Data Block Start

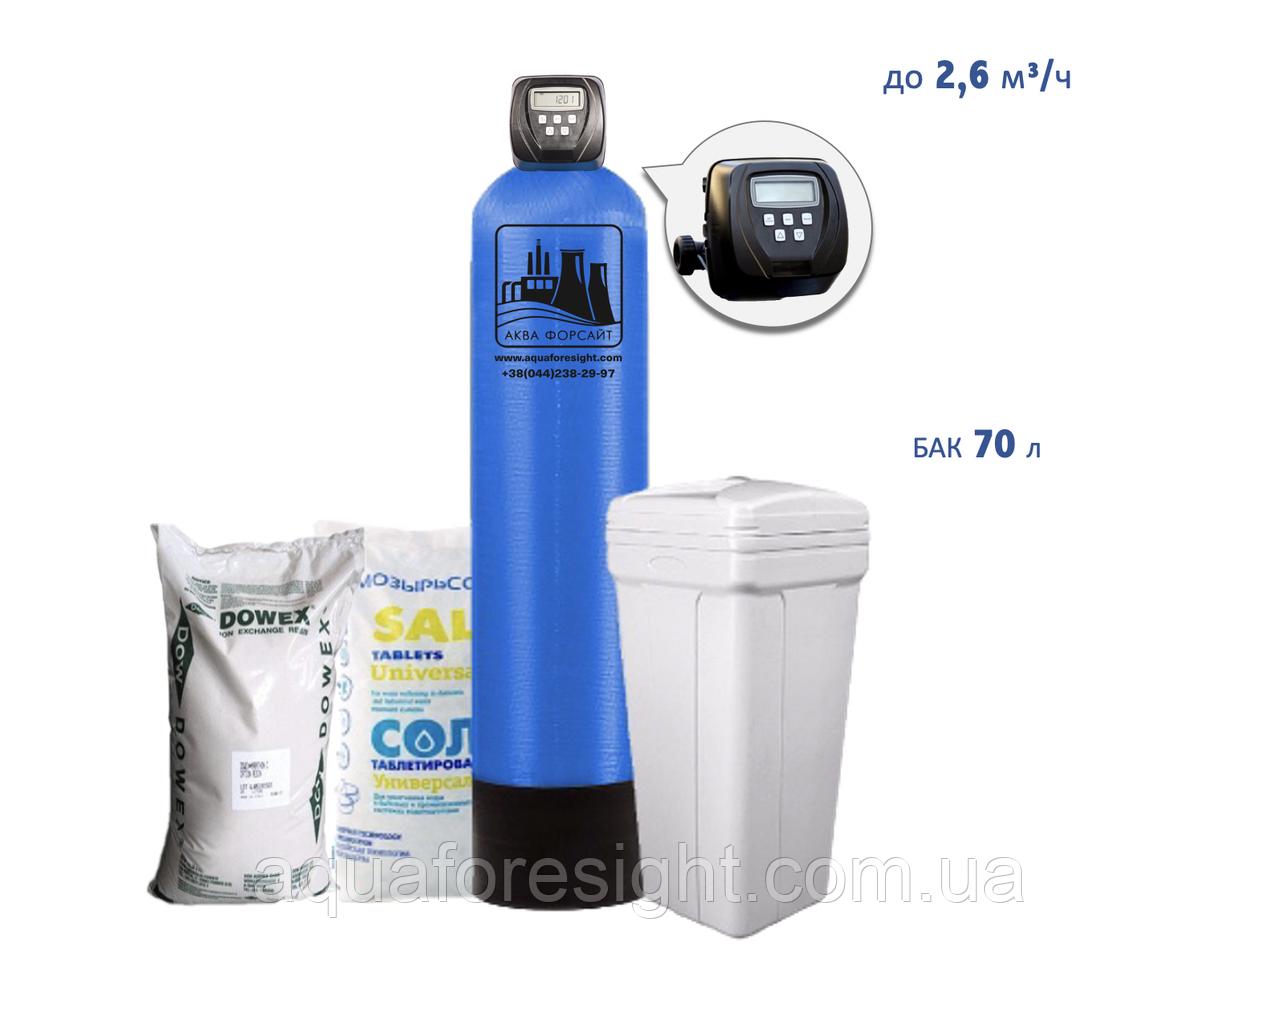 Система умягчения воды 1354 CI производительность 2,6 м3/час
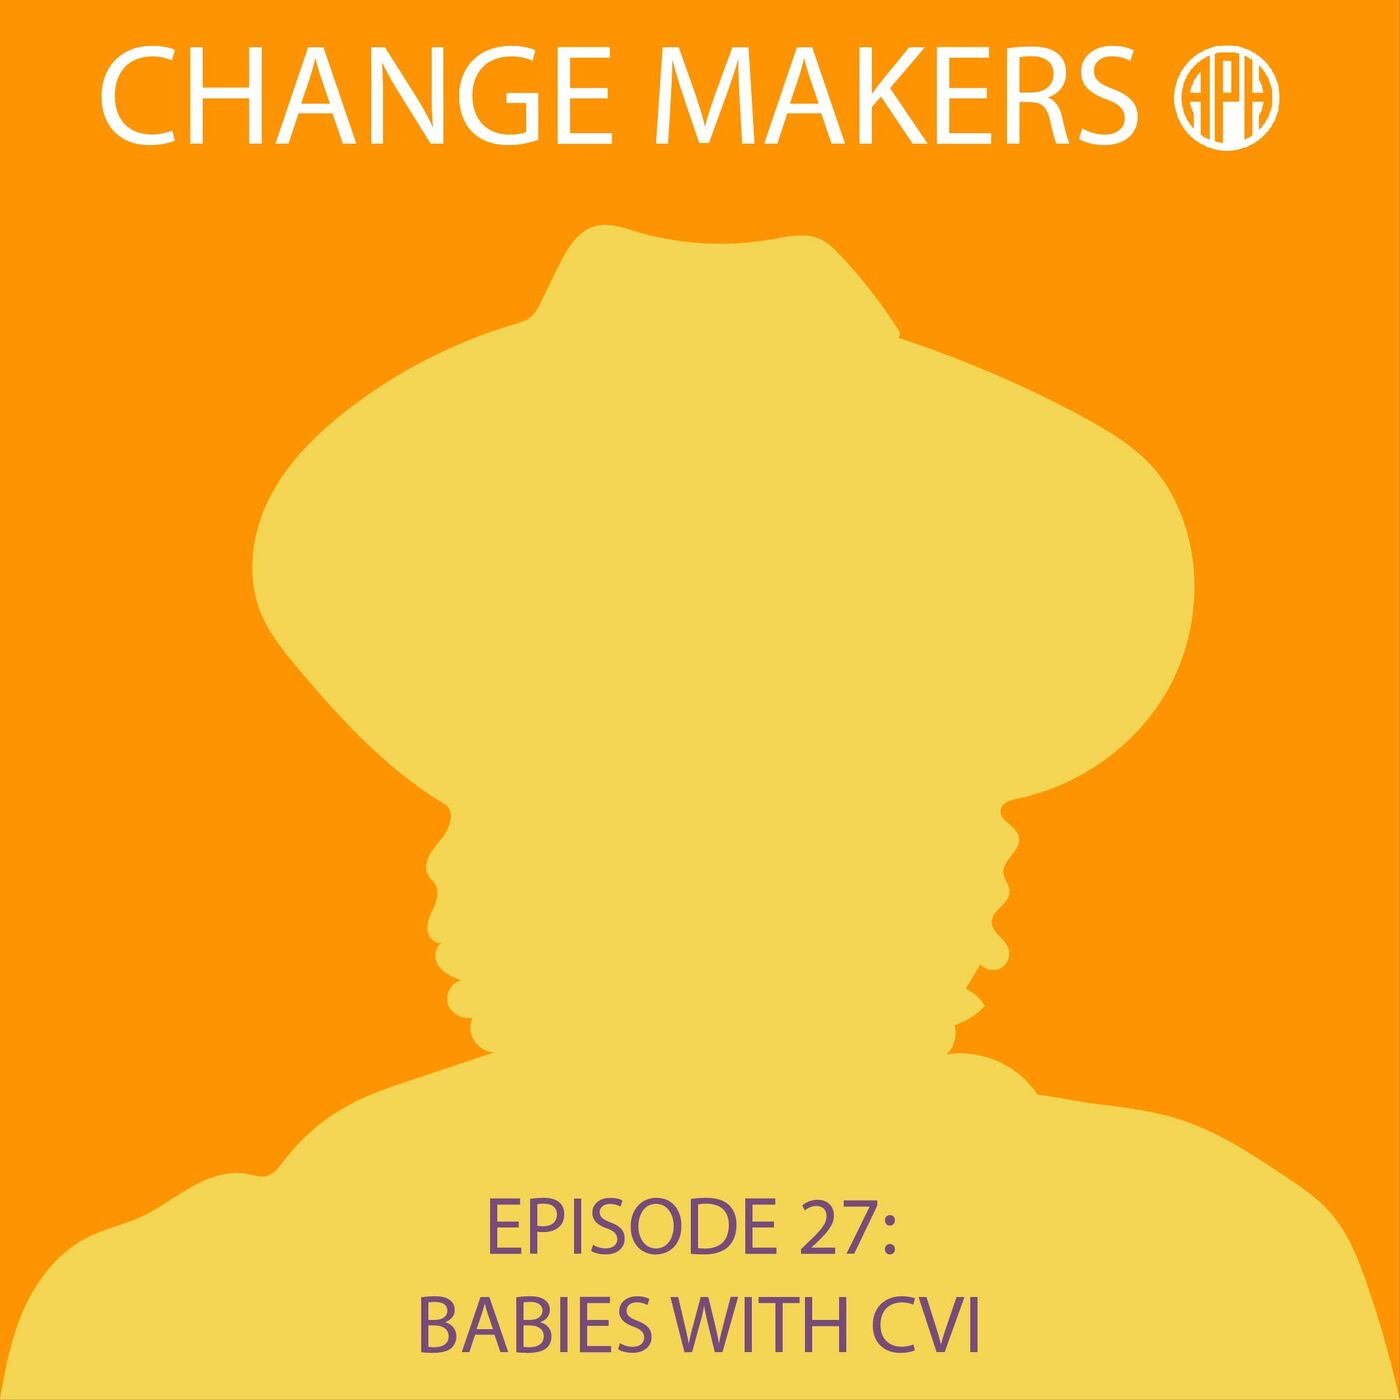 Babies with CVI
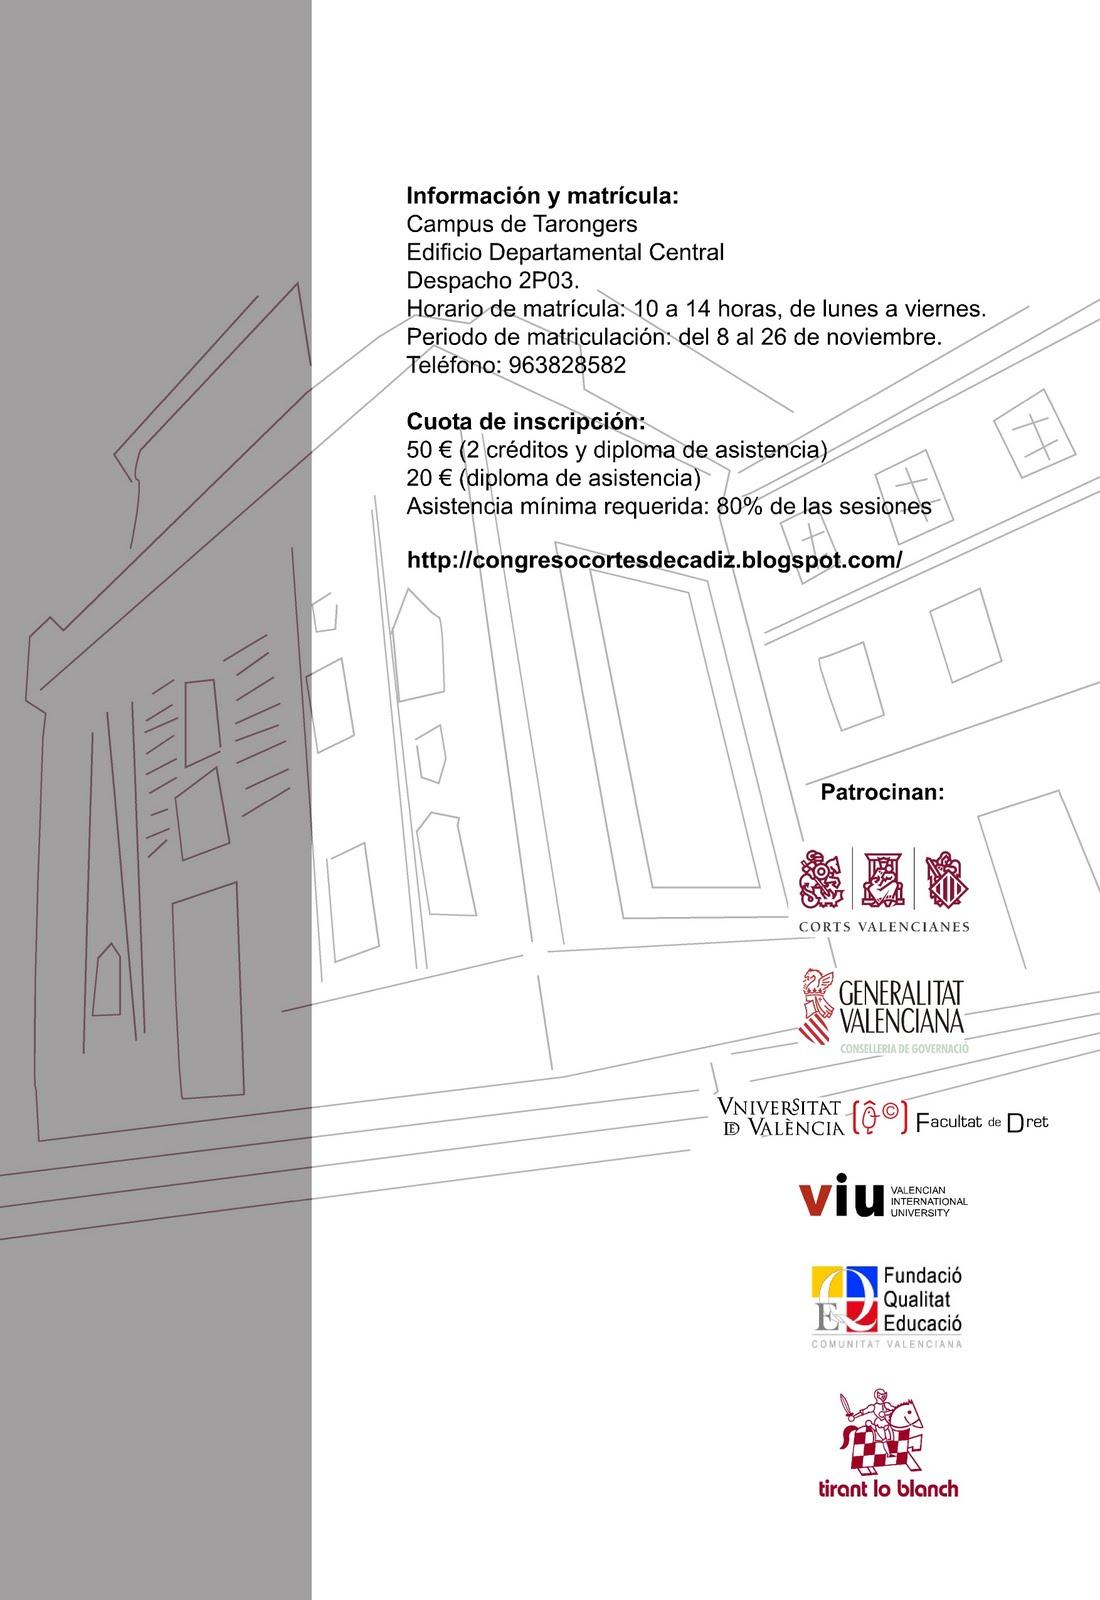 http://4.bp.blogspot.com/_NlGWvrksxYM/TNb_rIu7vqI/AAAAAAAAAVA/msuqoZ1I7nw/s1600/05_Programa_Cortes_Cadiz.jpg

Data Block End

An exact transcript of the listing is needed, free of pictures.

§ **Solution for this problem**
 Система умягчения воды 1354 CI производительность 2,6 м3/час
 Babies with CVI
 http://4.bp.blogspot.com/_NlGWvrksxYM/TNb_rIu7vqI/AAAAAAAAAVA/msuqoZ1I7nw/s1600/05_Programa_Cortes_Cadiz.jpg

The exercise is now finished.